DATASET CONTENT:
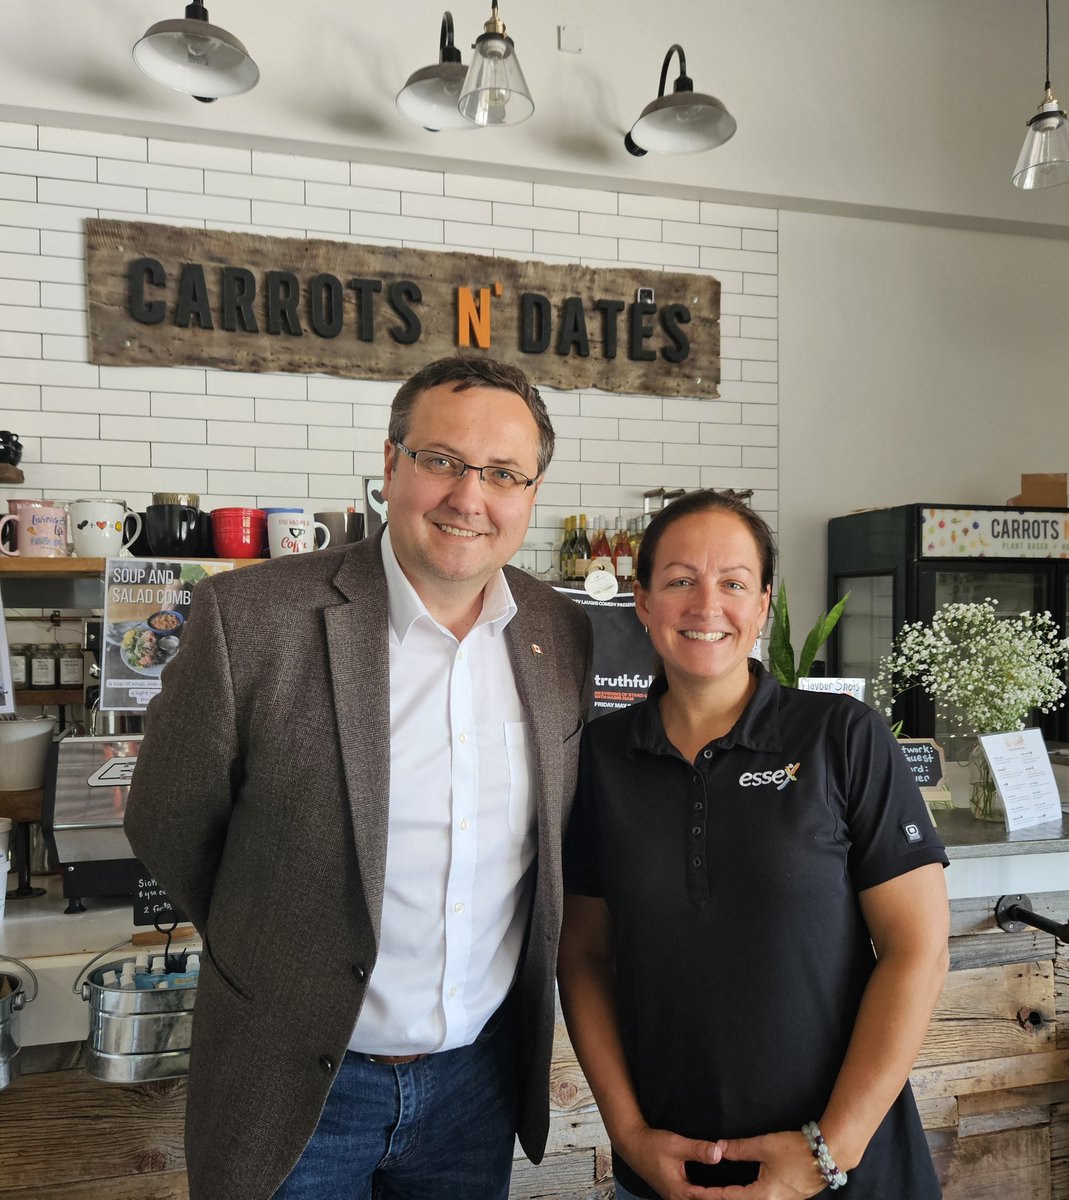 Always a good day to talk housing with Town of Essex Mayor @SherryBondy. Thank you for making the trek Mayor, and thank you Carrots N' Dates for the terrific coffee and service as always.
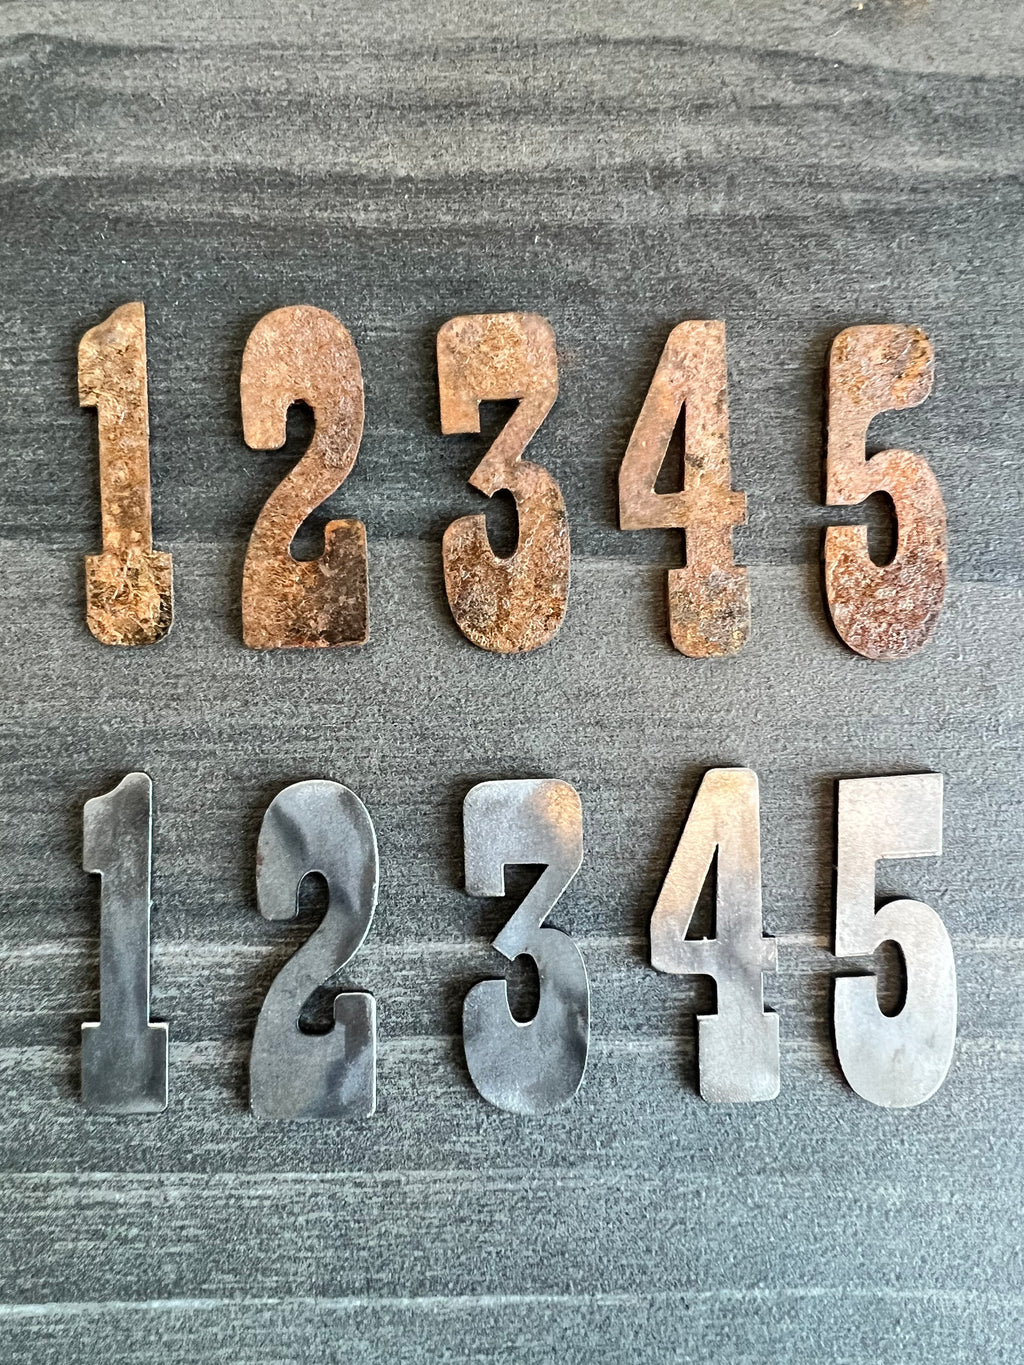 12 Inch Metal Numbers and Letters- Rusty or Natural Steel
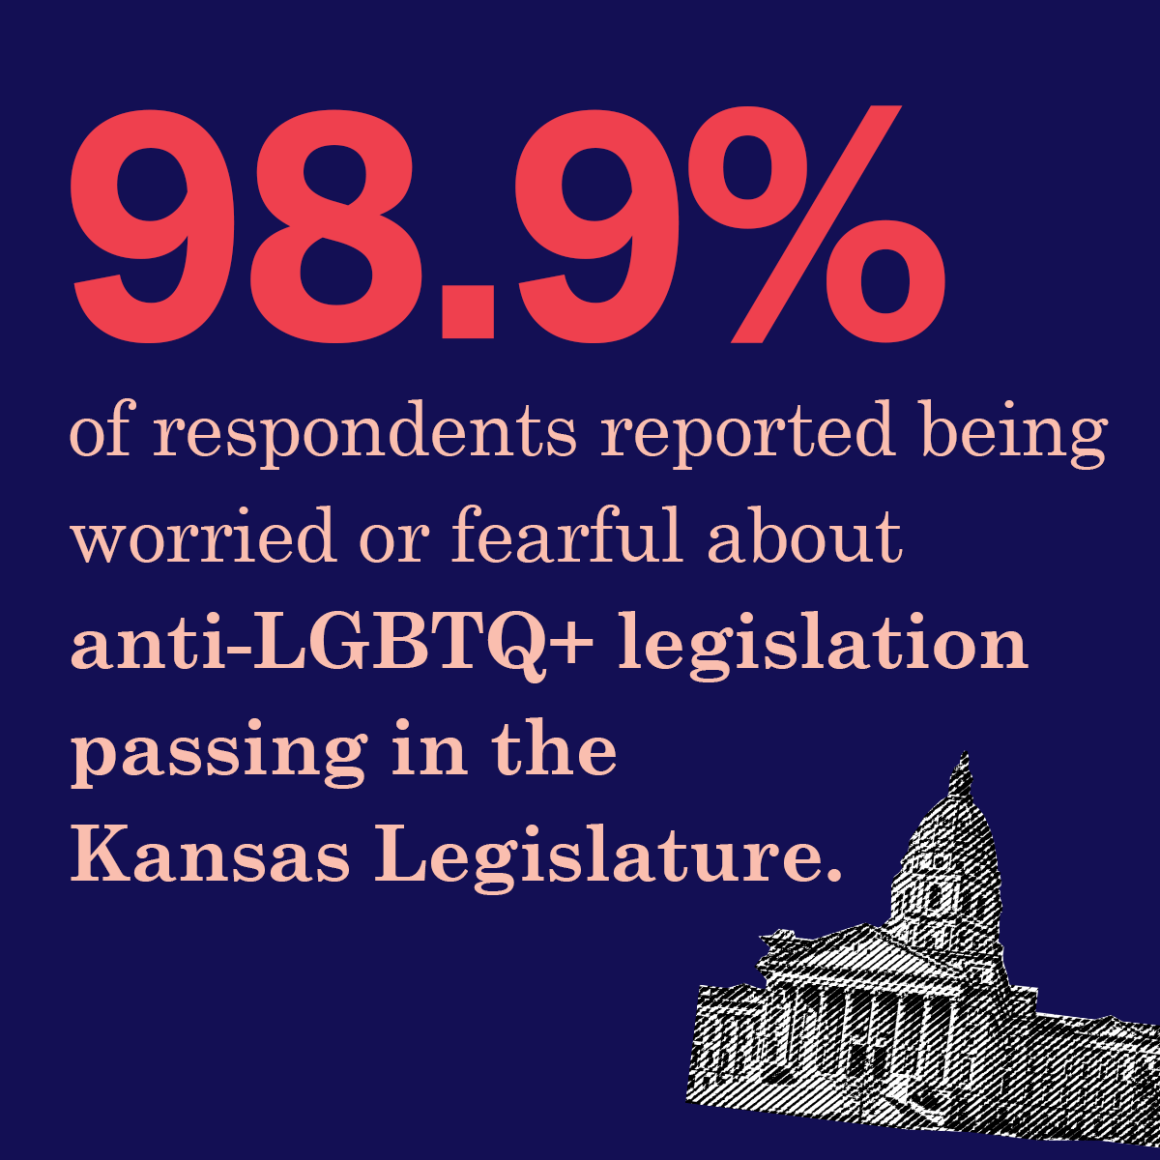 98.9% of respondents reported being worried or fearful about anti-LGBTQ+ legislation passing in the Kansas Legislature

WHAT IS BEING ASKED:
When you retype the listing, keep every line exactly as it is and drop the pictures.

SOLUTION FOR THIS PROBLEM:
 Always a good day to talk housing with Town of Essex Mayor @SherryBondy. Thank you for making the trek Mayor, and thank you Carrots N' Dates for the terrific coffee and service as always.
 12 Inch Metal Numbers and Letters- Rusty or Natural Steel
 98.9% of respondents reported being worried or fearful about anti-LGBTQ+ legislation passing in the Kansas Legislature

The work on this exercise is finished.